Data for processing:

────

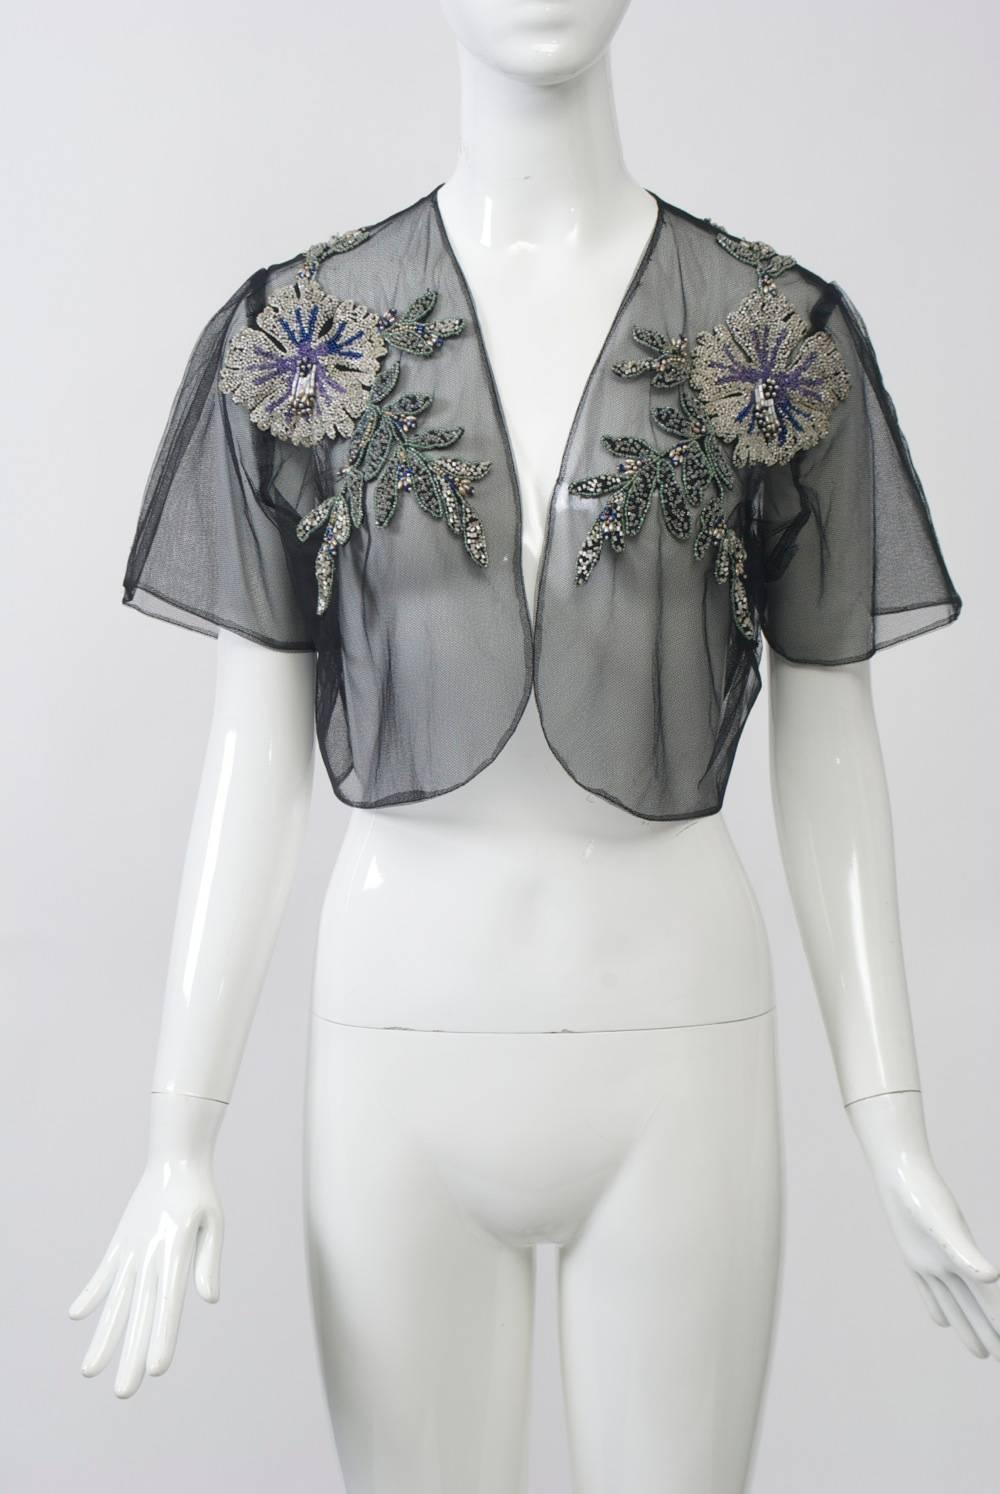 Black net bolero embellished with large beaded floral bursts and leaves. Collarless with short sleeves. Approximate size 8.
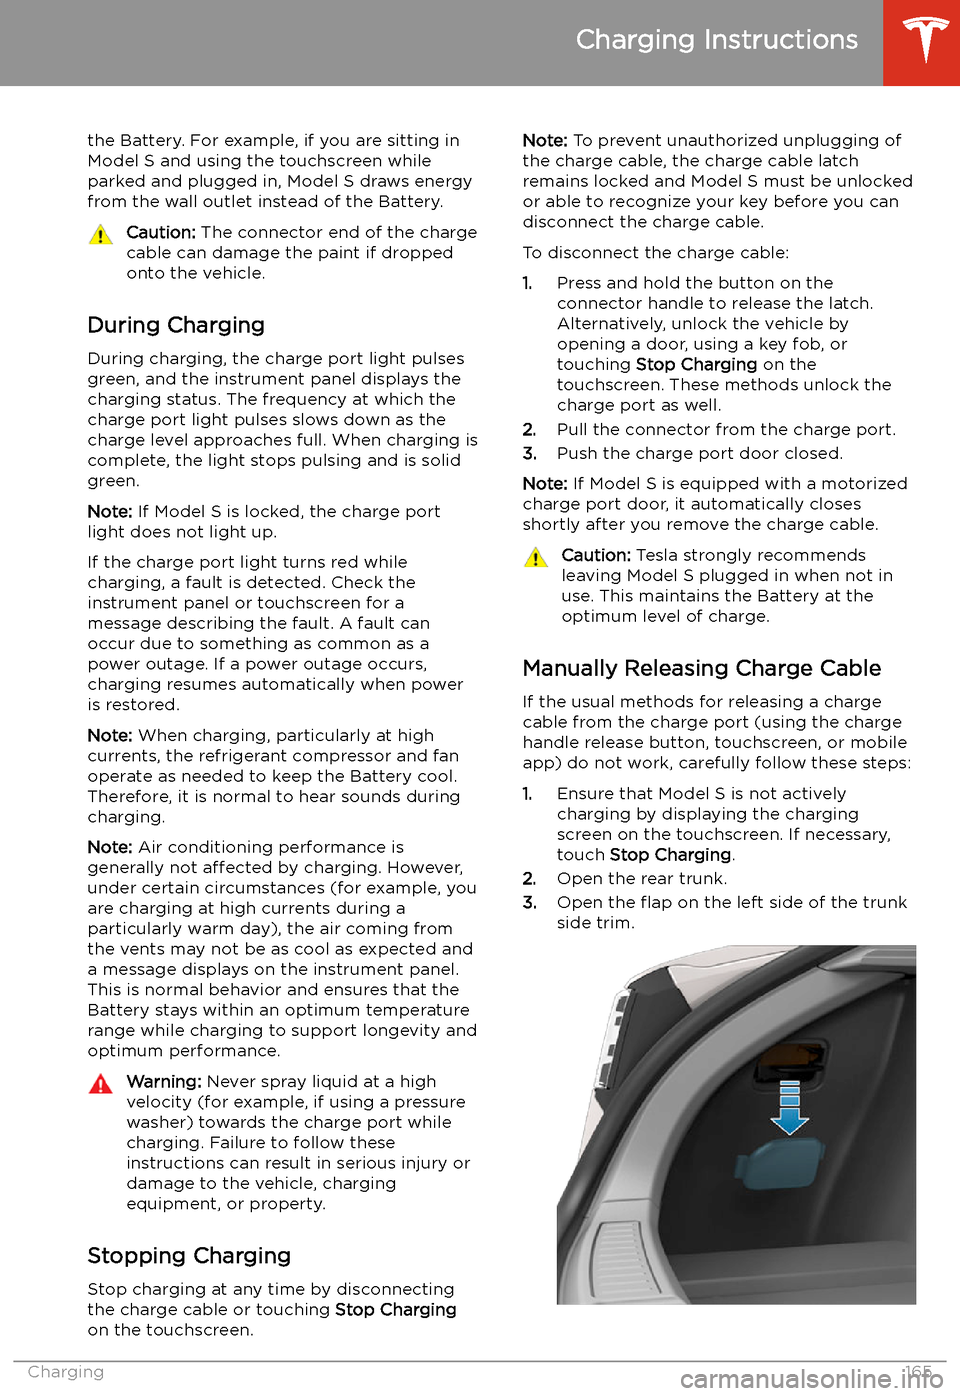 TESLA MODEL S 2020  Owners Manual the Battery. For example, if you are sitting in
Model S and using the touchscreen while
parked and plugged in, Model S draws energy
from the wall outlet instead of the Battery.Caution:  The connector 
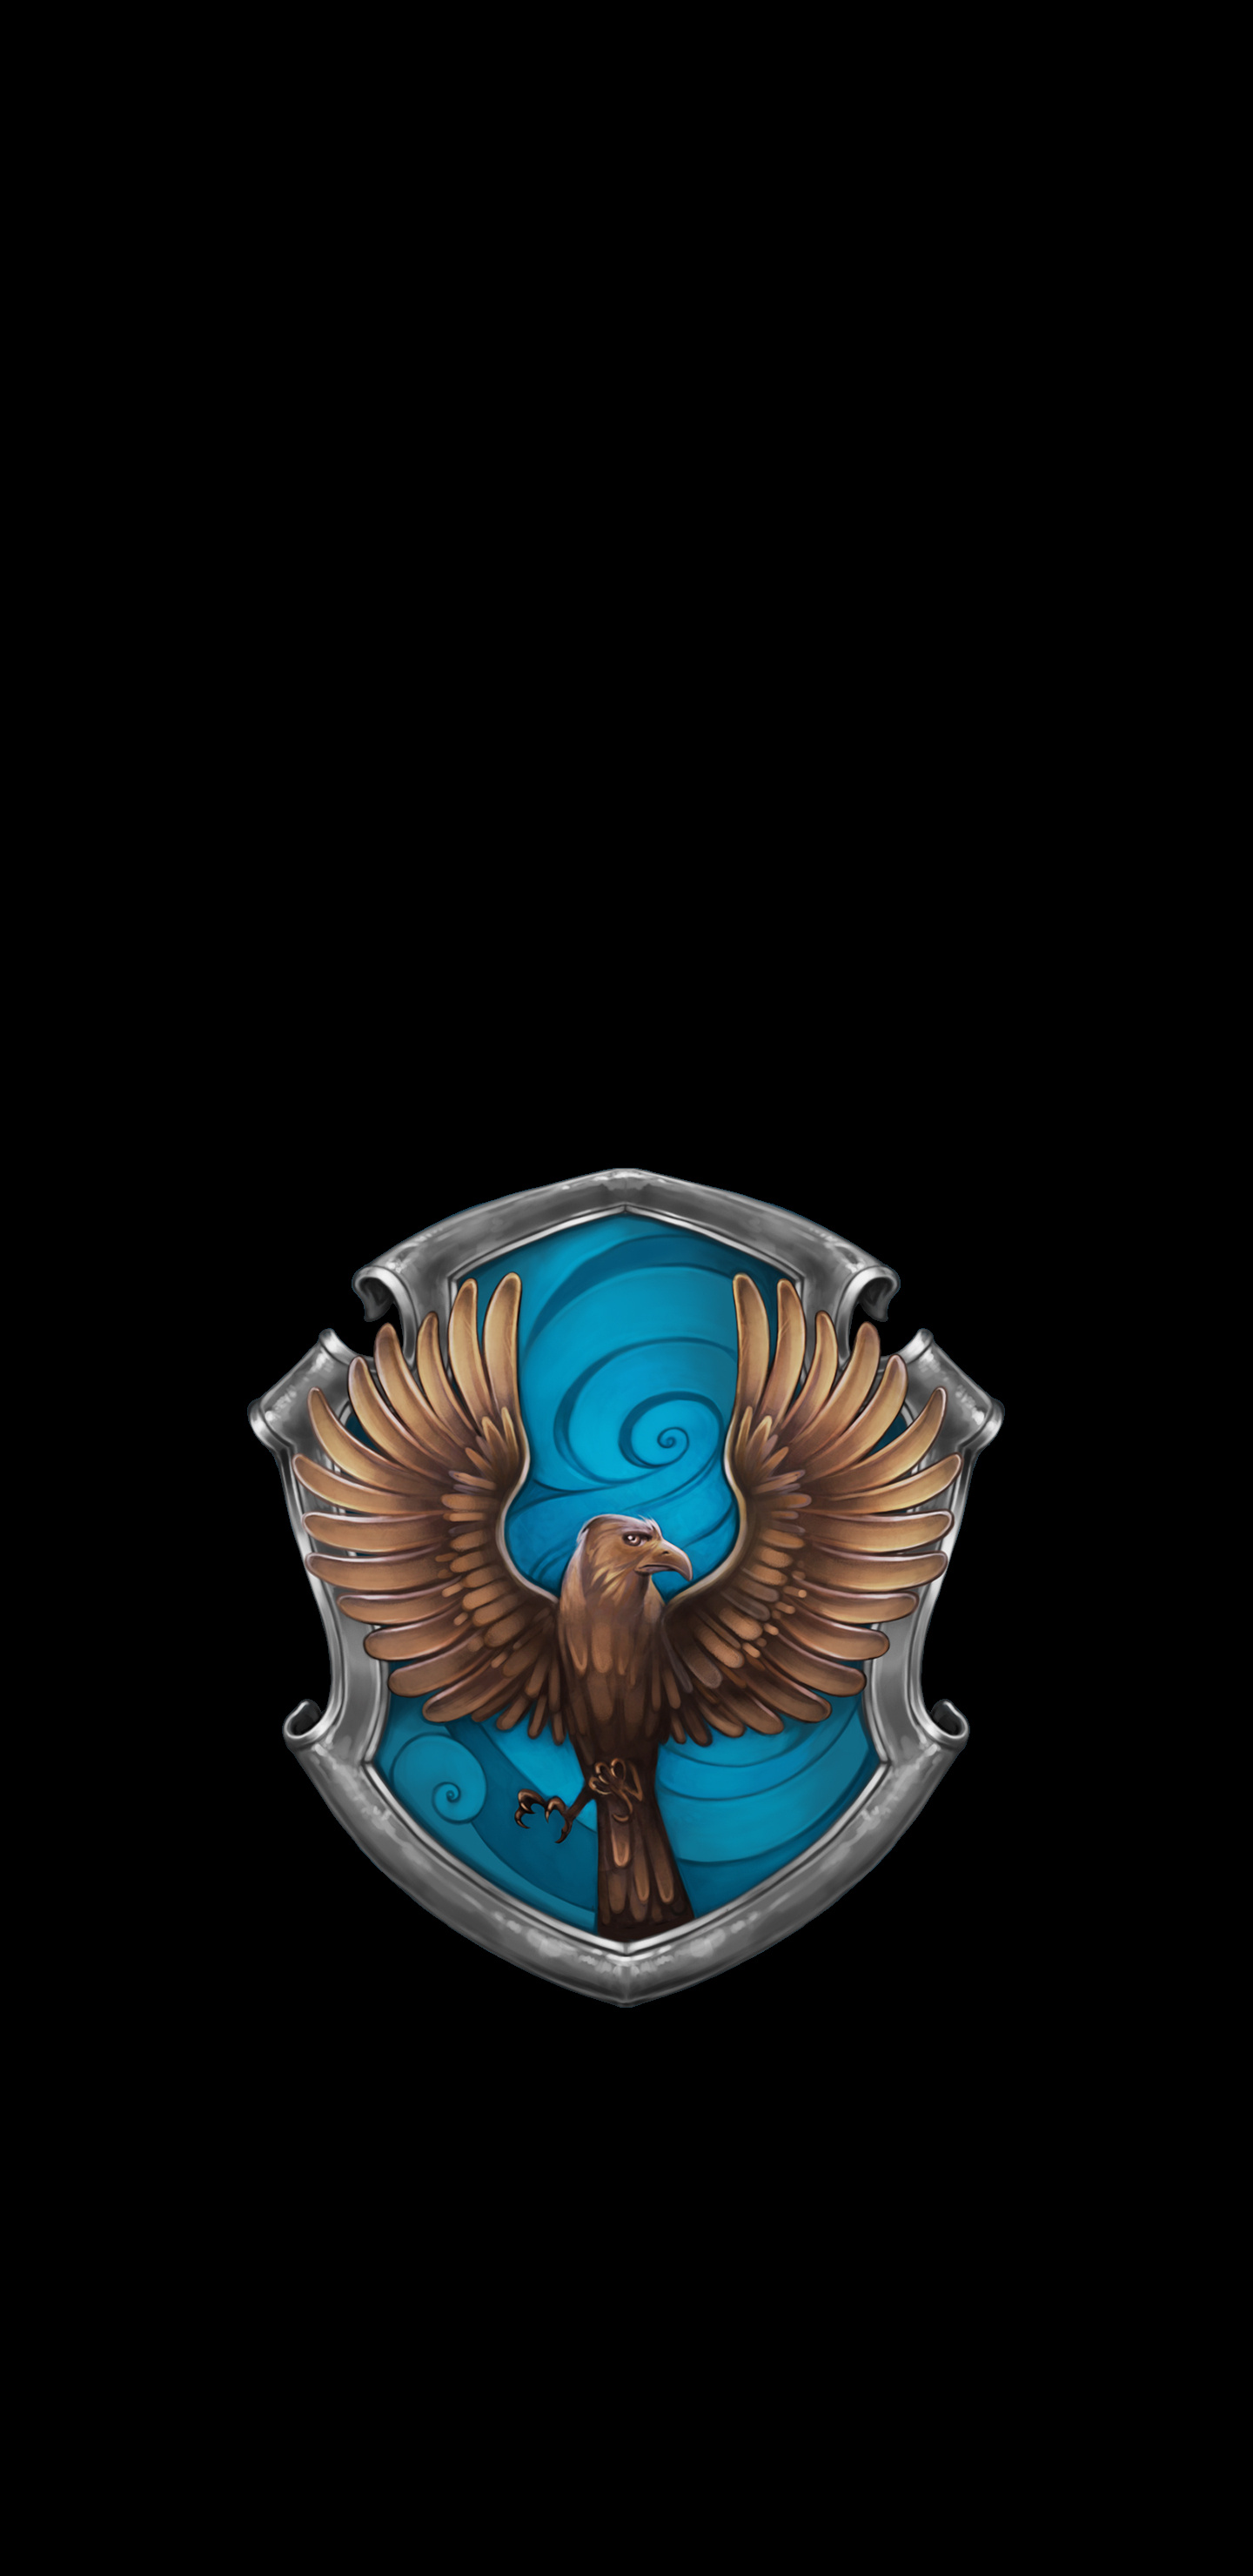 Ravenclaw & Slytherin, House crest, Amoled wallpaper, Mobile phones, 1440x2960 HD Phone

────

Problem details: Please reproduce each entry above word for word and keep the pictures out of the copy.

Response to this exercise:
 Black net bolero embellished with large beaded floral bursts and leaves. Collarless with short sleeves. Approximate size 8.
 TESLA MODEL S 2020  Owners Manual the Battery. For example, if you are sitting in
Model S and using the touchscreen while
parked and plugged in, Model S draws energy
from the wall outlet instead of the Battery.Caution:  The connector 
 Ravenclaw & Slytherin, House crest, Amoled wallpaper, Mobile phones, 1440x2960 HD Phone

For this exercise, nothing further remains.